Algebra 2: Determining if inverse of a function is a function, and finding domain and range of inverse?

If you can get the domain and range of the original function, they are just swapped in the inverse (domain becomes range and vice-versa)

OK Raia--- First of all a function that has an inverse must satisfy the horizontal line test....right??

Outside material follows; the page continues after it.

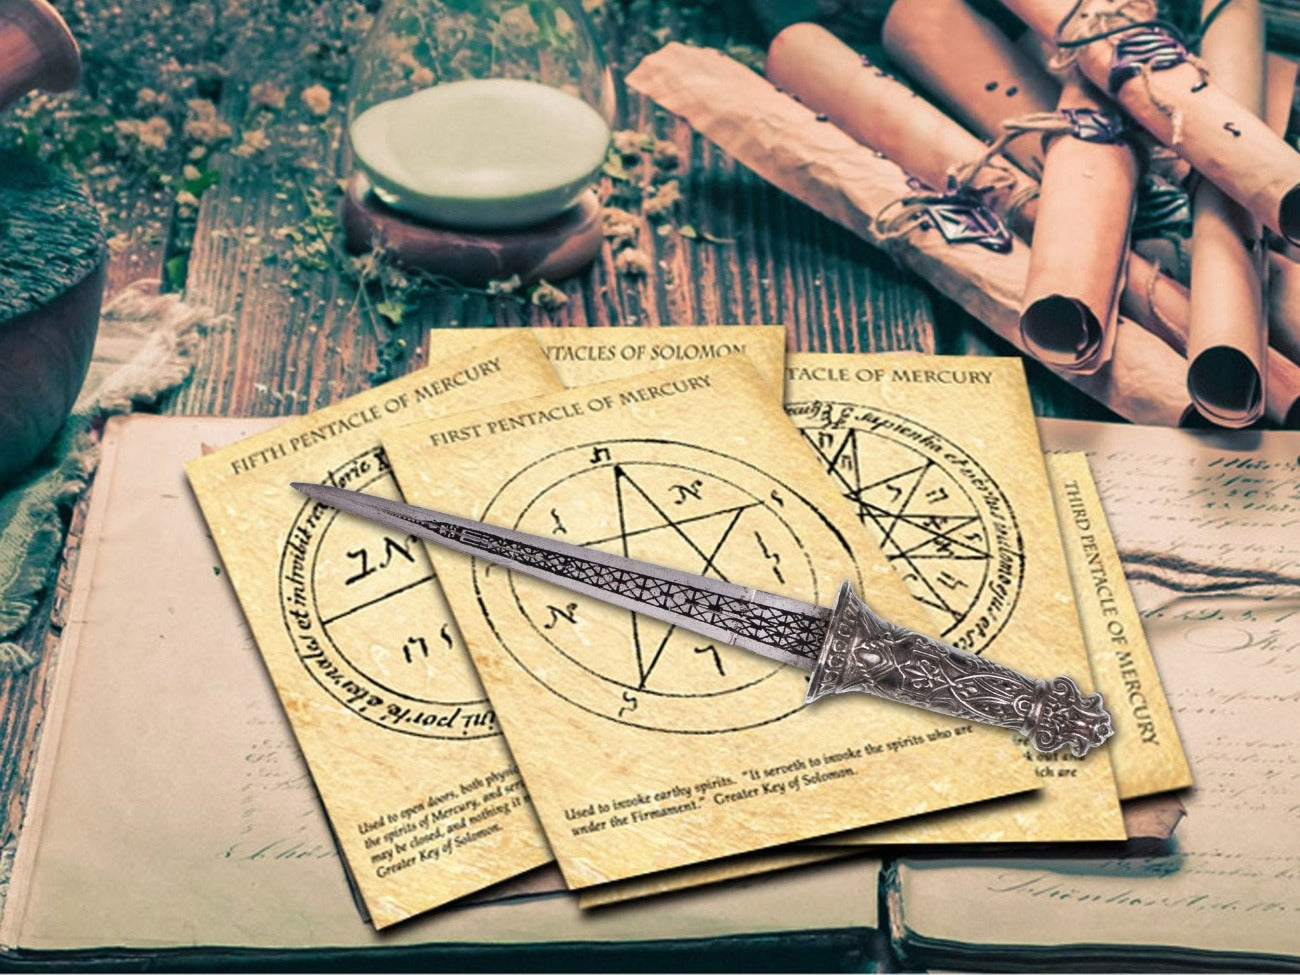 Mercury Pentacles of Solomon, five pages Key of Solomon, occult grimoire download for Book of Shadows or spellbook.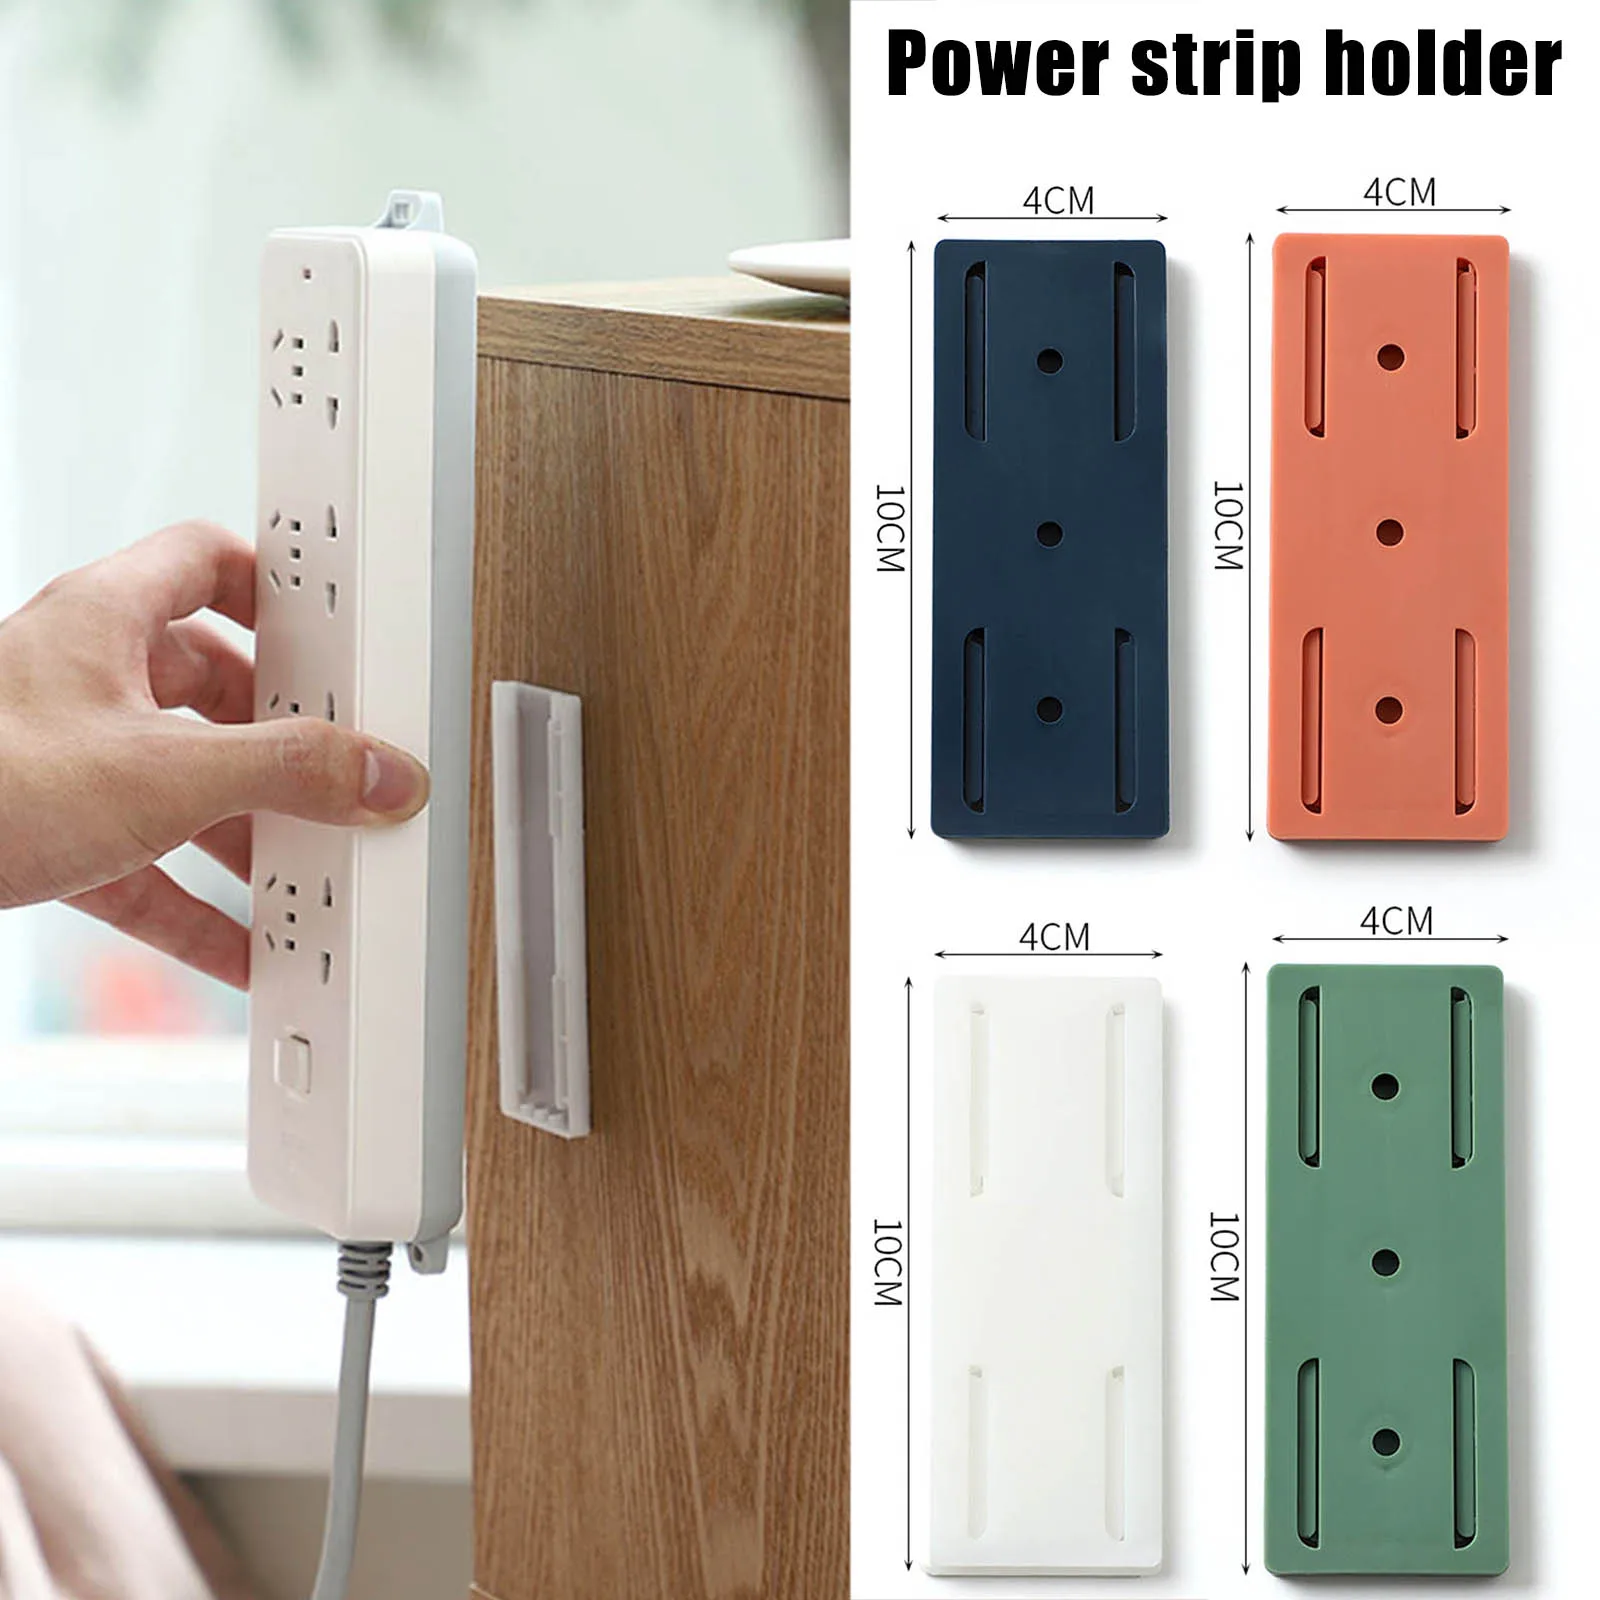 

Socket Holder Organizer Socket Fixer Powerful Traceless Wall-mounted Self-adhesive Cable Seamless Power Strip Hold Wire Holder

You know how to find the inverse and if you substitute the value for the inverse in for x you should get y = x. So, try a couple equations that you know have inverses and then look at the inverses to see what the domains and ranges are...this will prove it to you.

i don't precisely understand what you advise by utilising finding f. f could in basic terms be the unique equation, f(x) = a million/(x+a million)^2. to locate the inverse, in basic terms turn the x and y coordinates and resolve for y. f(x) = a million/(x+a million)^2 would be re-written as y=a million/(x+a million)^2 Flipping the coordinates supplies us x = a million/(y+a million)^2 Multiply the two aspects by utilising (y+a million)^2 to get x(y+a million)^2 = a million Divide the two aspects by utilising x to get (y+a million)^2 = a million/x sq. root the two aspects to get y + a million = +/- sqrt(a million/x) Subtract one - y = +/- sqrt(a million/x) - a million <----- inverse you'll be sure if the equation is a function or not by utilising graphing it, and passing a vertical line for the time of the graph. If at any factor that the vertical line is going via extra effective than one factor, any factor in any respect, then the equation isn't a function. basically a heads up, something with +/- isn't a function. it is going to fail the vertical line try.